Loropetalum (Loropetalum chinense), sometimes called Chinese fringe-flower, has become a staple for many landscapes over the last thirty years. With many varieties to choose from, loropetalum can bring a vibrant pop of pink in the form of blooms, a deep red or purple leaf color, as well as a clean white and green flower and leaf combination. Varieties can also vary significantly in size, going from a dwarf form only spreading a few feet to larger ones that can be limbed up into tree forms. These variations in size and color have certainly helped loropetalum gain momentum in the landscape, but when it comes down to it, a plant, like loropetalum, with few pest or disease problems, is a diamond in the rough!
However, recently bacterial gall of loropetalum (caused by Pseudomonas savastanoi) has popped up as a fairly significant issue. Beginning as small knots, or galls, on stems and twigs and then progressing into larger, dark, irregular-shaped rough callus areas. The disease can progress rapidly under warm wet conditions and is usually spread by water movement and contaminated tools. If left alone, it will eventually infect and kill the entire plant.

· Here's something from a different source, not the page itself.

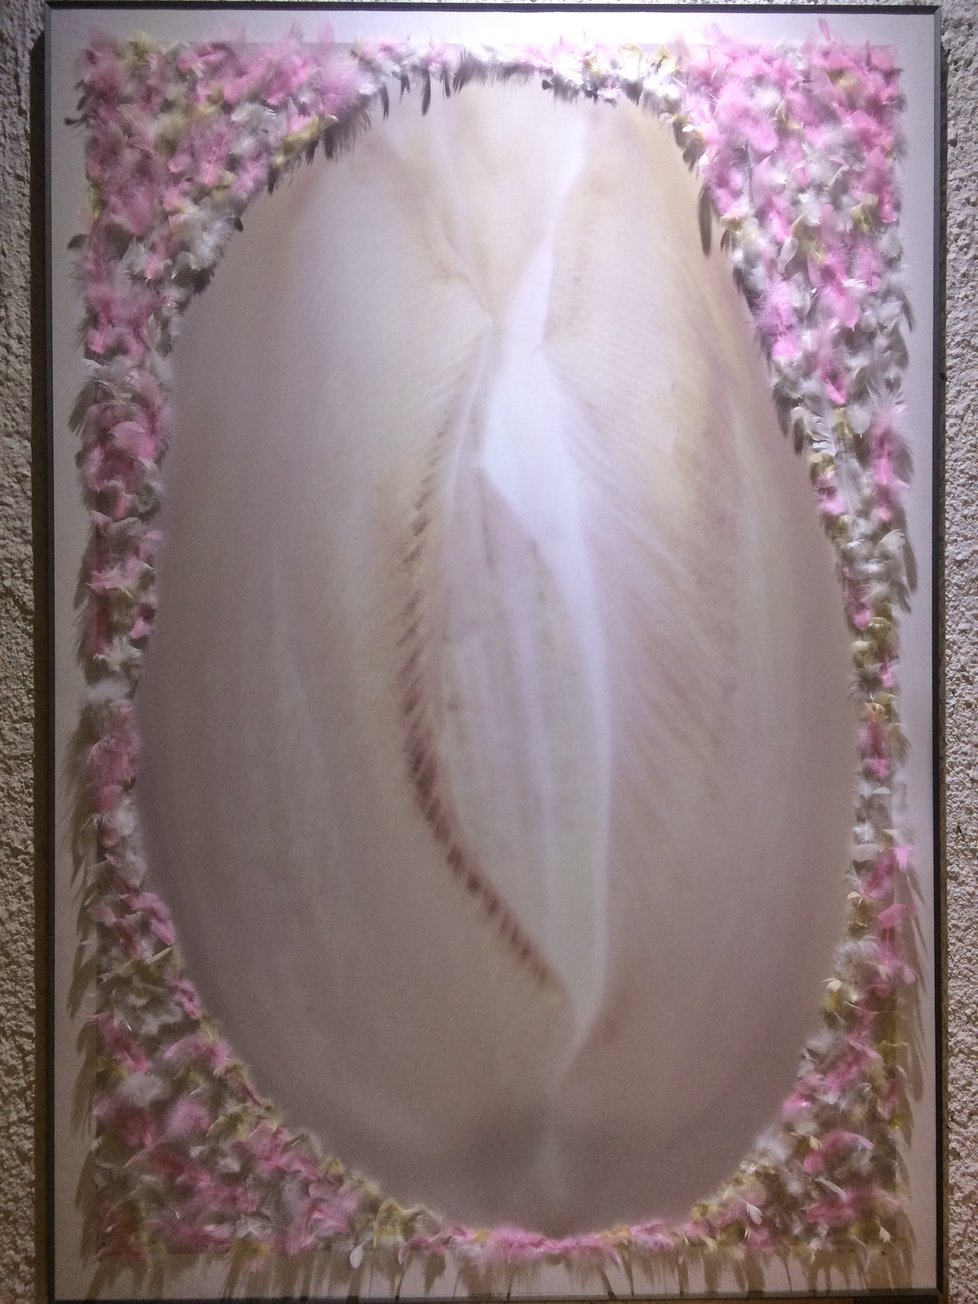 Jedno z nejzajímavějších děl celé výstavy vychází z Erotické série tulipánů. Jeden z nich vypadá na první pohled jako vagína. Jeho dráždivé vyznění dokreslují nalepená peříčka podél okrajů.

There used to be four beautiful loropetalums in my home landscape, but I am now down to one! Over the years, I had pruned out dead limbs from one plant without thinking too much of it, giving natural shape to it and the others as I went. Unknowingly, my pruners and I were serving as excellent vectors of the disease. When the second plant kicked the bucket, I looked a little closer and sent a sample to the Clemson Plant & Pest Diagnostic Clinic, where my suspicions were confirmed… Bacterial Gall.
If you notice dieback on your loropetalums, I highly suggest you take a deeper look. Inspect all plants you bring into your landscape closely. This disease is typically introduced from new plant material. If you find galls or callus areas on your plants, remove and properly dispose of the entire plant immediately. Unfortunately, there is no fungicide that will stop, fix or cure this disease.